The Lehmann Letter (SM)

This morning the Bureau of Labor Statistics reported that December nonfarm payroll employment grew by 103,000:

That's disappointing because monthly job growth of 100,000 is insufficient to restore full employment in the long run. Population growth and improved productivity (greater output per worker enables employers to shed employees) require 100,000 new jobs per month merely to provide employment for new job seekers. 100,000 can't also absorb the currently unemployed.

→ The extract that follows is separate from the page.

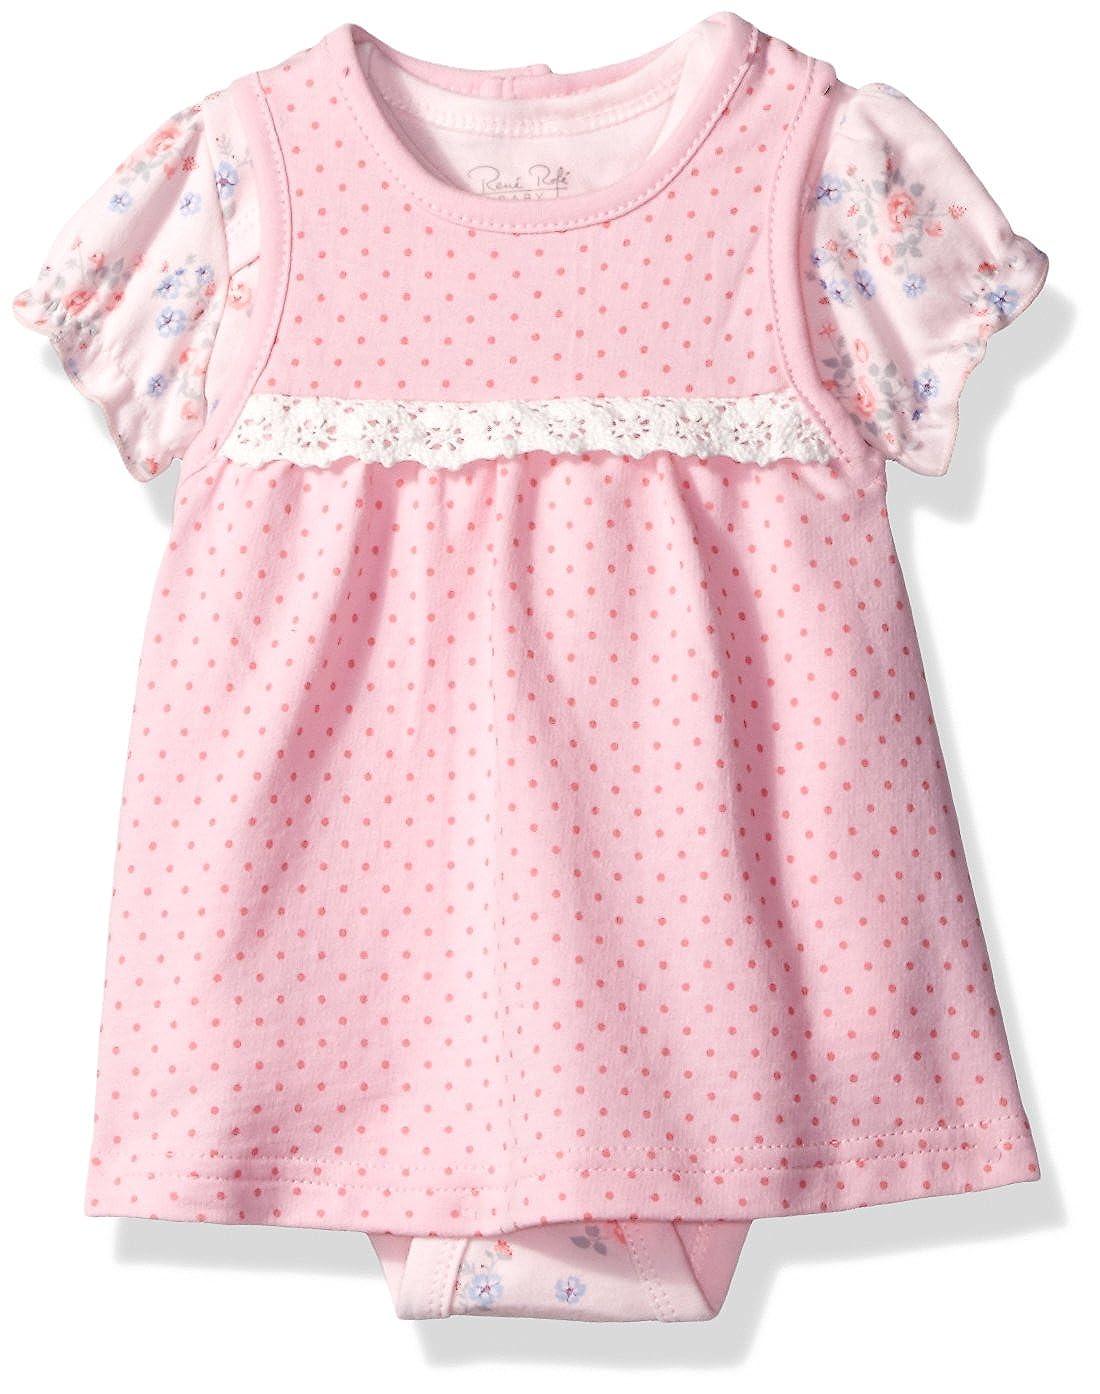 Rene Rofe Baby DRESS ベビーガールズ 6 - 9 Months Pink Polka Dots B01N2Y0674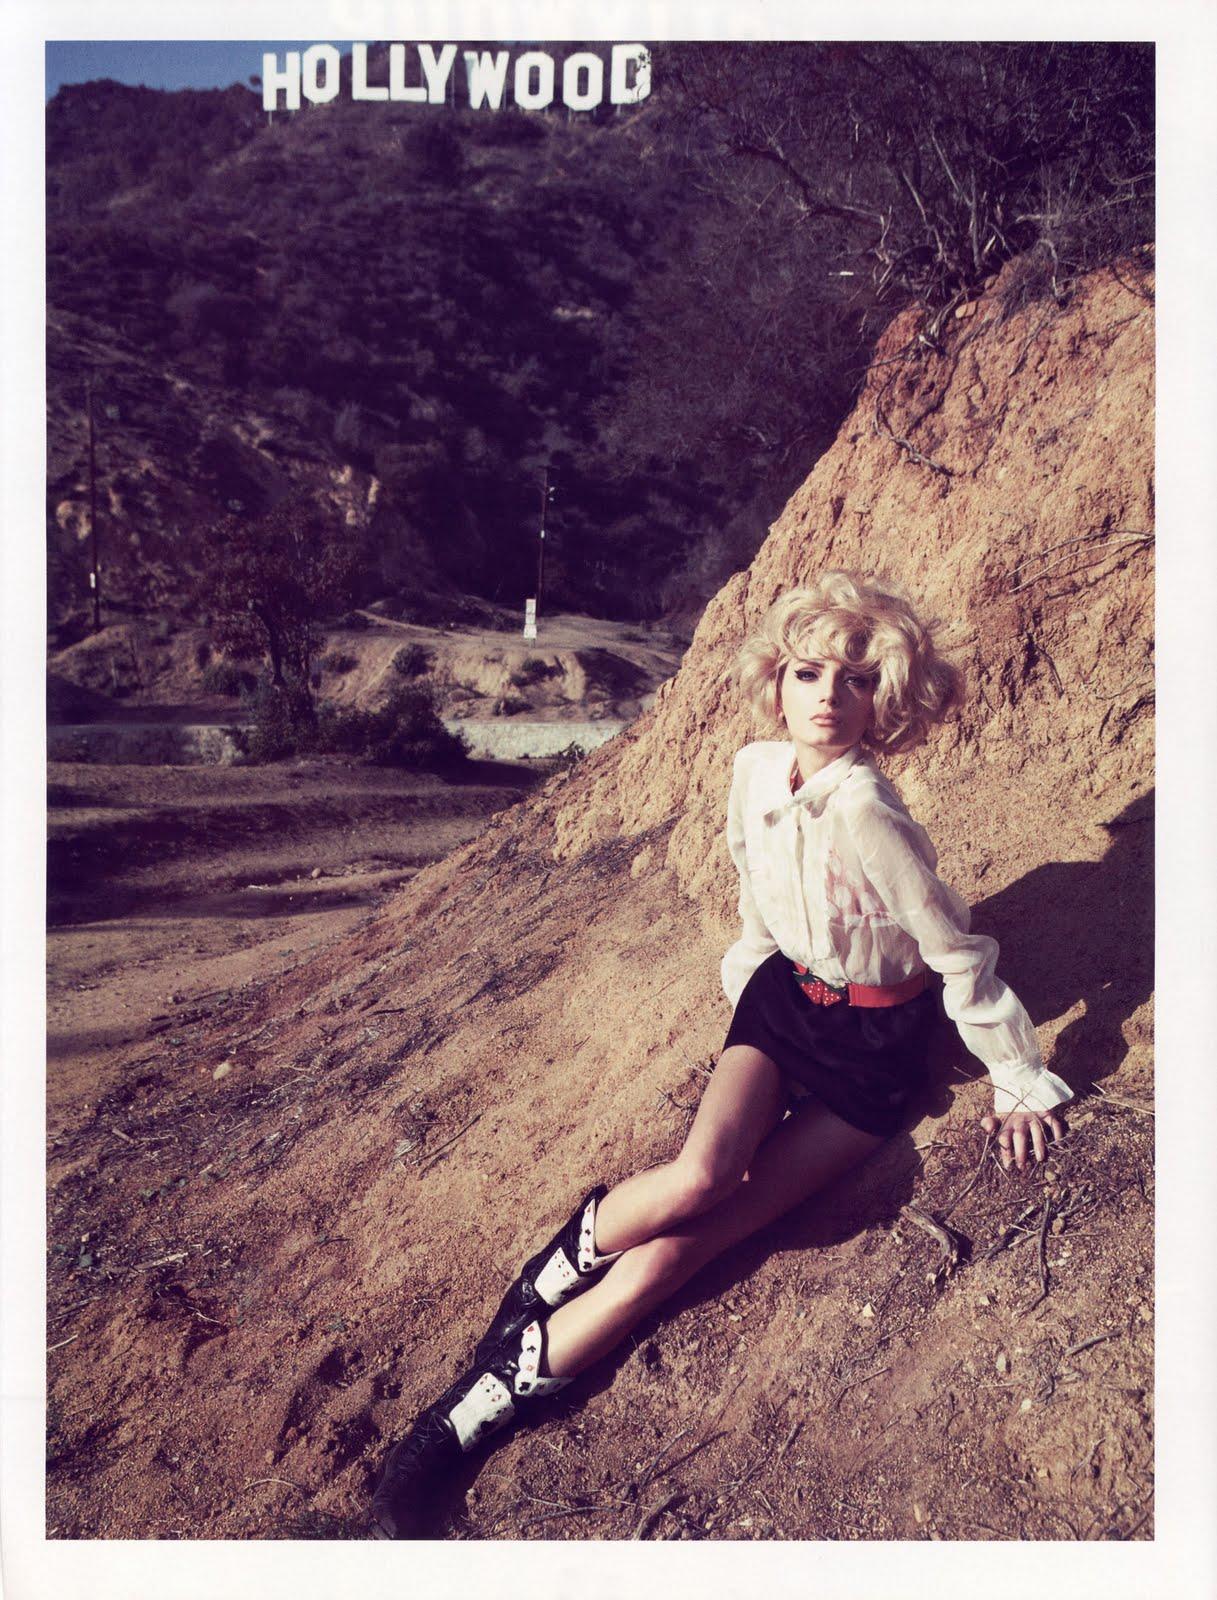 http://1.bp.blogspot.com/_bq6_cE4BJJQ/TCtRCsoFbYI/AAAAAAAAZrI/c9Cl1cOfWnY/s1600/Inez+Van+Lamsweerde+%26+Vinoodh+Matadin+%C3%97+Lily+Donaldson+-+Vogue+Paris+February+2008+-+American+DREAM+-+003.jpg

Paradoxically the December unemployment rate did drop sharply from 9.8% to 9.4%. But that rate is determined by responses to a survey that asks, "Are you currently employed and, if not, are you looking for work?" If the number seeking employment falls significantly (because discouraged responders leave the labor force, return to school and so forth) while the number of employed grows modestly, the survey response can indicate a sharp drop in the unemployment rate despite employment's meager improvement.

That's why the economy requires monthly gains of over 200,000 new jobs to generate sustained employment improvement, i.e. the return of full employment at a rate of 5% or less.

Job Growth

(Click on chart to enlarge.)

Recessions shaded

The chart reveals great improvement over the depths of the recession when the economy lost more than 500,000 jobs monthly. The chart also shows that job growth briefly popped up to 400,000 early in the recovery when some employers realized that they had laid off too many employees.

But now the tough work has begun: Consistently adding more jobs, month after month, in sufficient numbers to restore full employment. The unemployment rate can wobble month-to-month. We hope to cut it in half.

(PS - The report also showed that the workweek stopped growing lately. Let's hope that's a momentary pause. Employers generally ask their employees to work longer hours before they hire new hands. That's why a longer workweek provides an omen of future employment. A stagnant workweek does not.)